RECORDED INFORMATION.
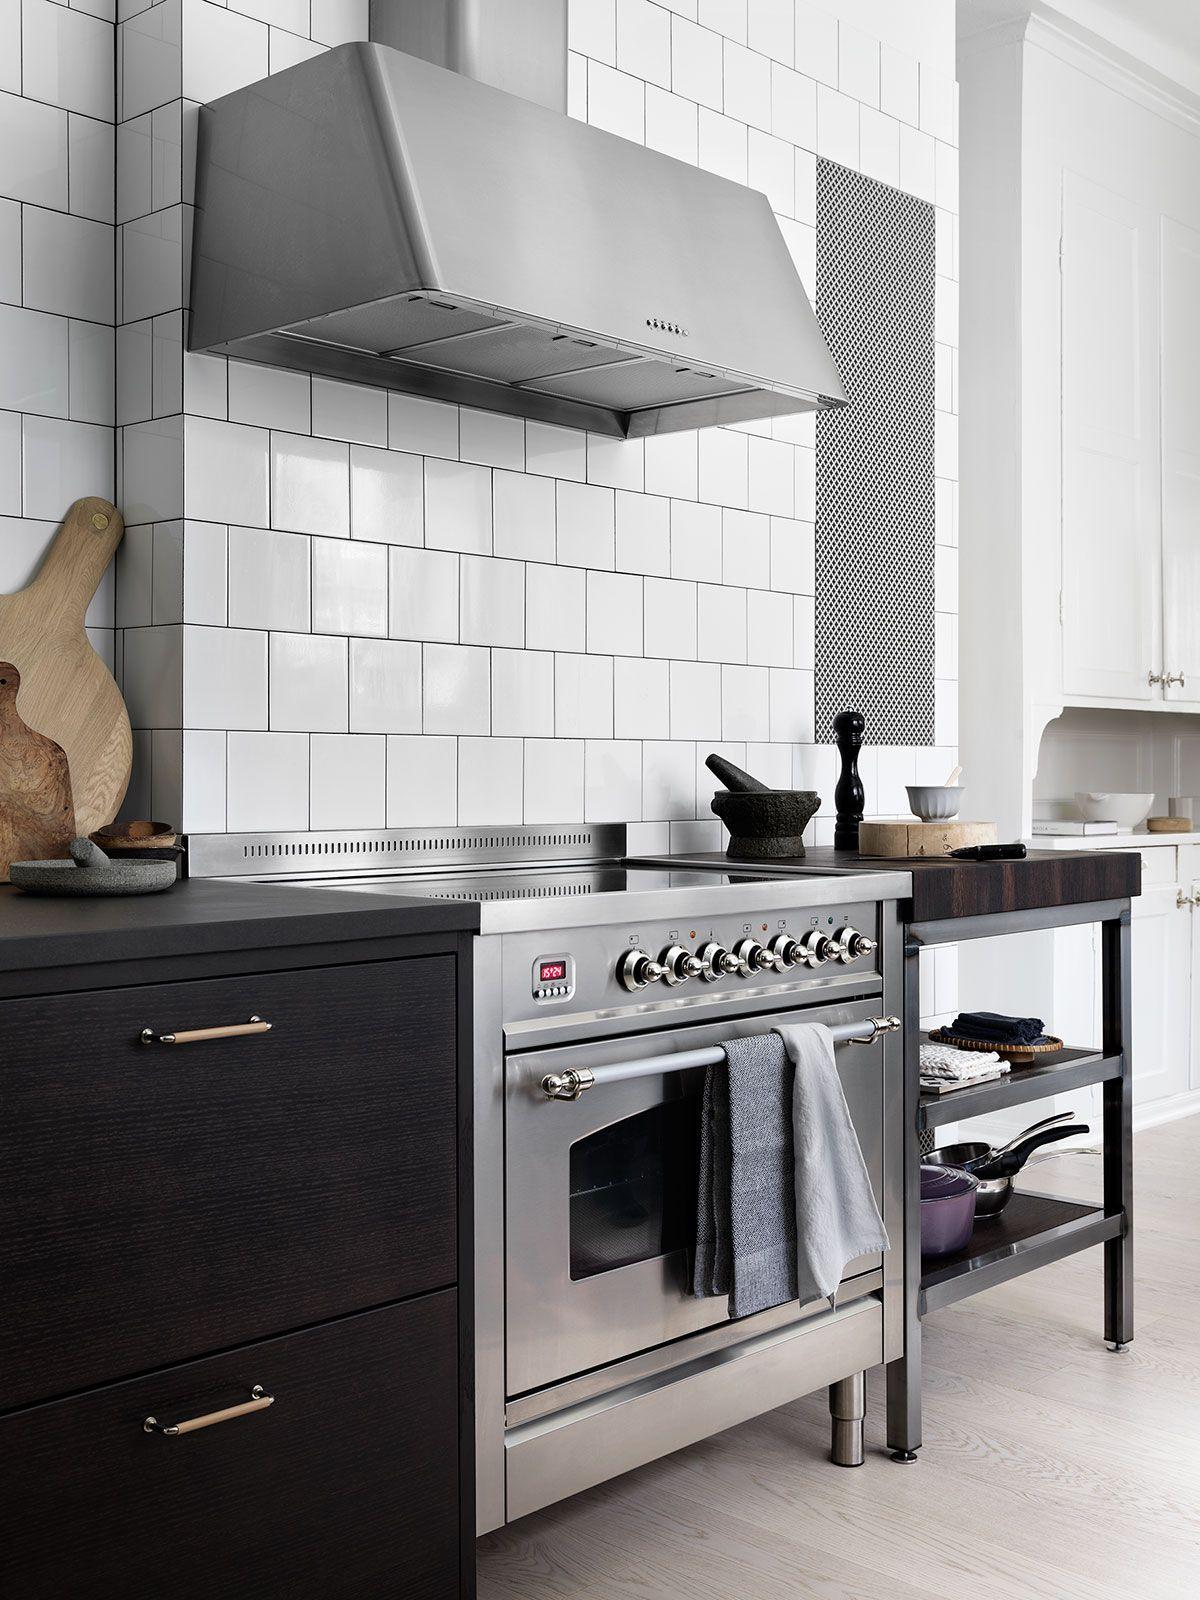 Kitchen Of The Week A Swedish Kitchen With A Place For Everything Remodelista Swedish Kitchen Bistro Kitchen Kitchen Interior Design Modern
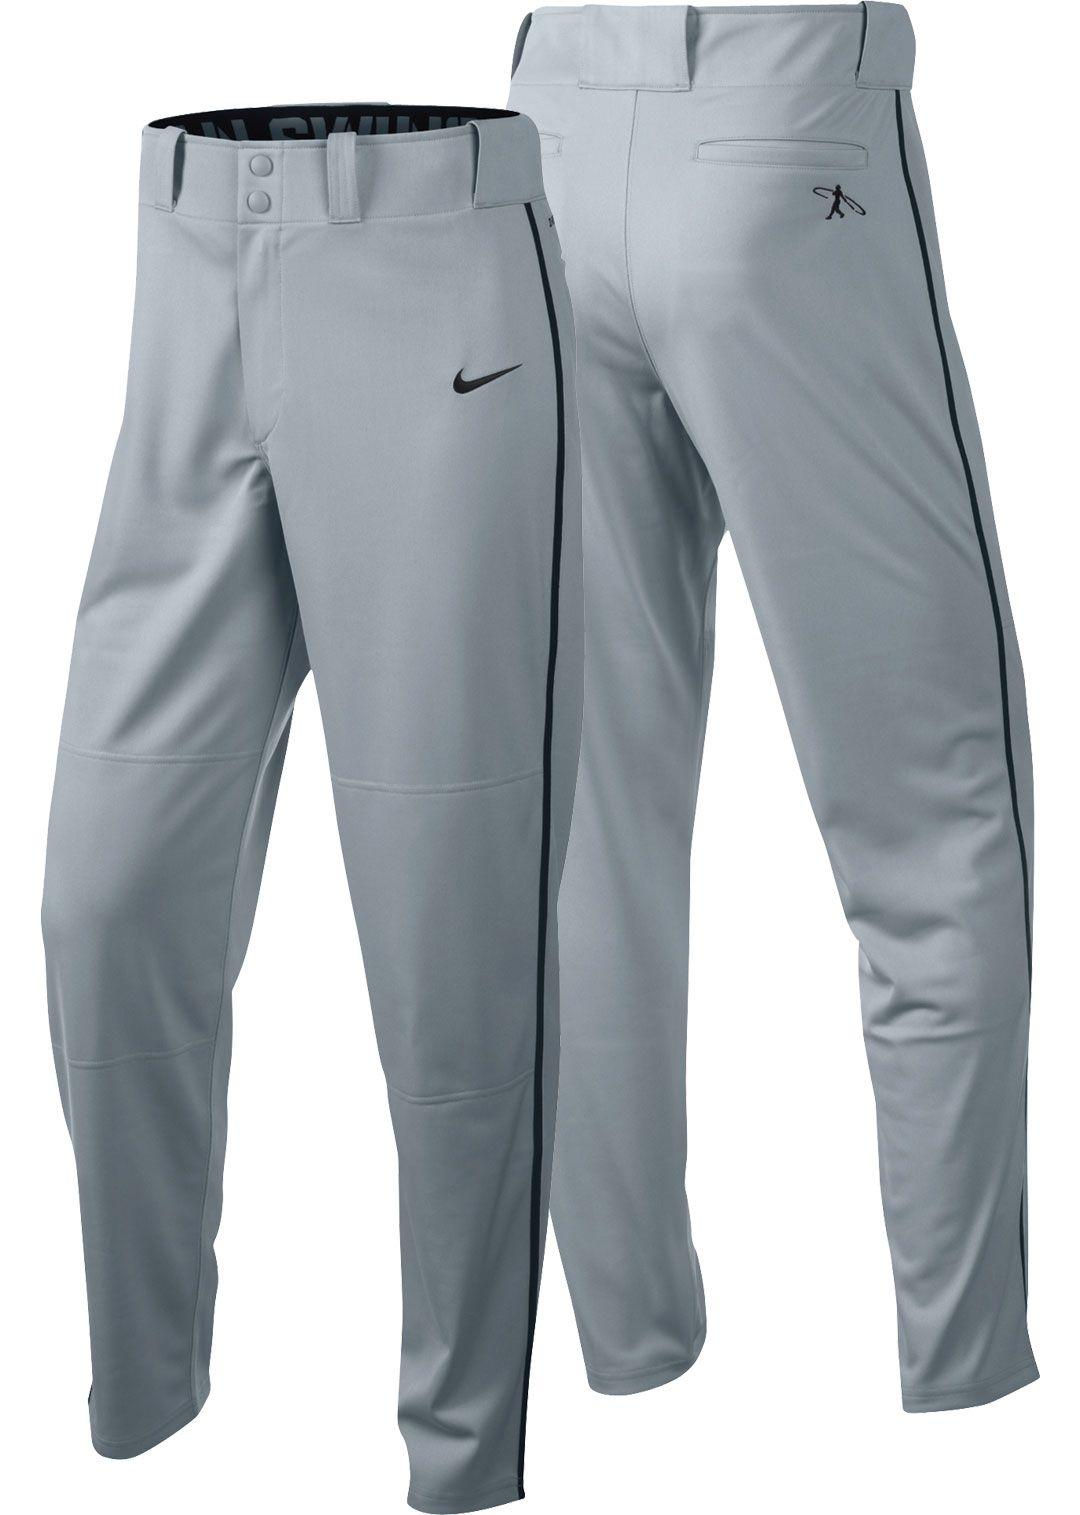 0bb54632 Nike Men's Swingman Dri-FIT Piped Baseball Pants | DICK'S Sporting Goods
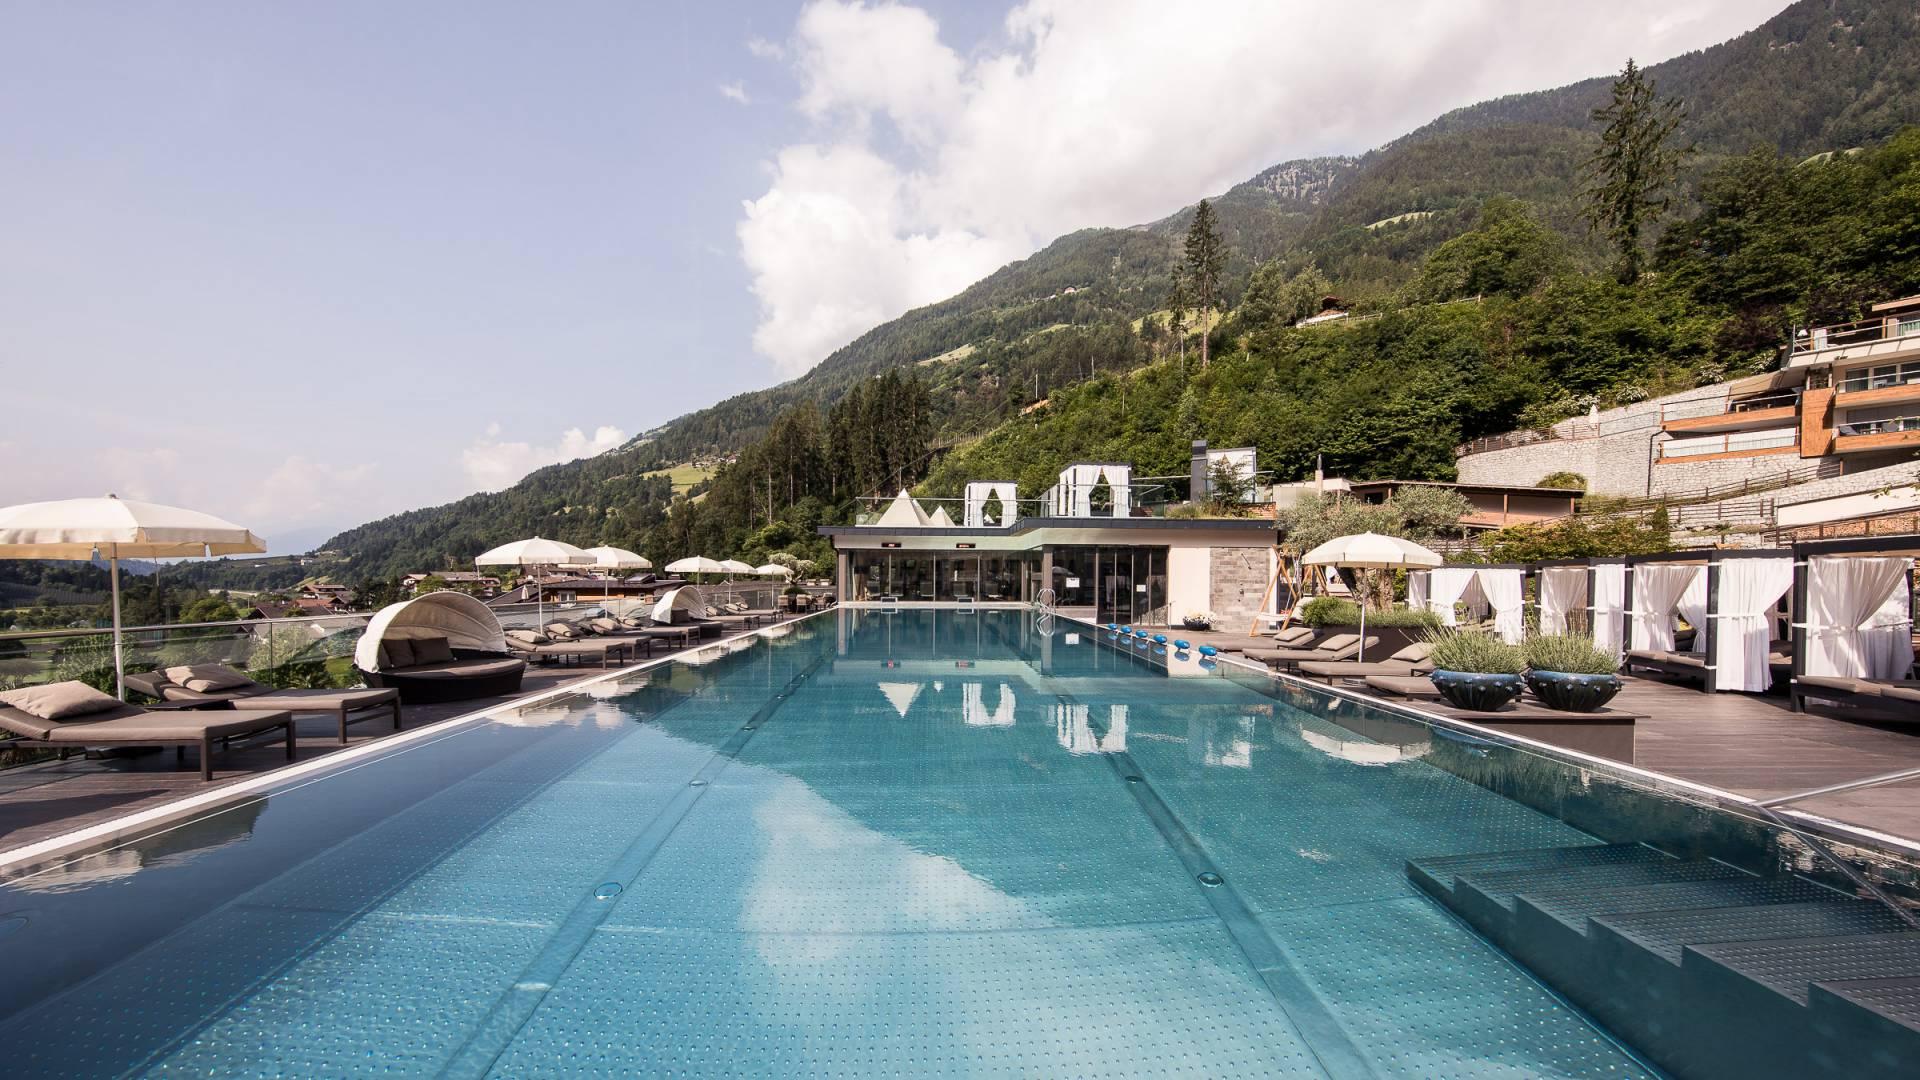 Urlaub Bei Meran 5 Sterne Hotel In Südtirol Luxushotel Südtirol 5

TASK TO CARRY OUT. Give back the full listing exactly as written, only without its pictures.

OUTPUT.
 Kitchen Of The Week A Swedish Kitchen With A Place For Everything Remodelista Swedish Kitchen Bistro Kitchen Kitchen Interior Design Modern
 0bb54632 Nike Men's Swingman Dri-FIT Piped Baseball Pants | DICK'S Sporting Goods
 Urlaub Bei Meran 5 Sterne Hotel In Südtirol Luxushotel Südtirol 5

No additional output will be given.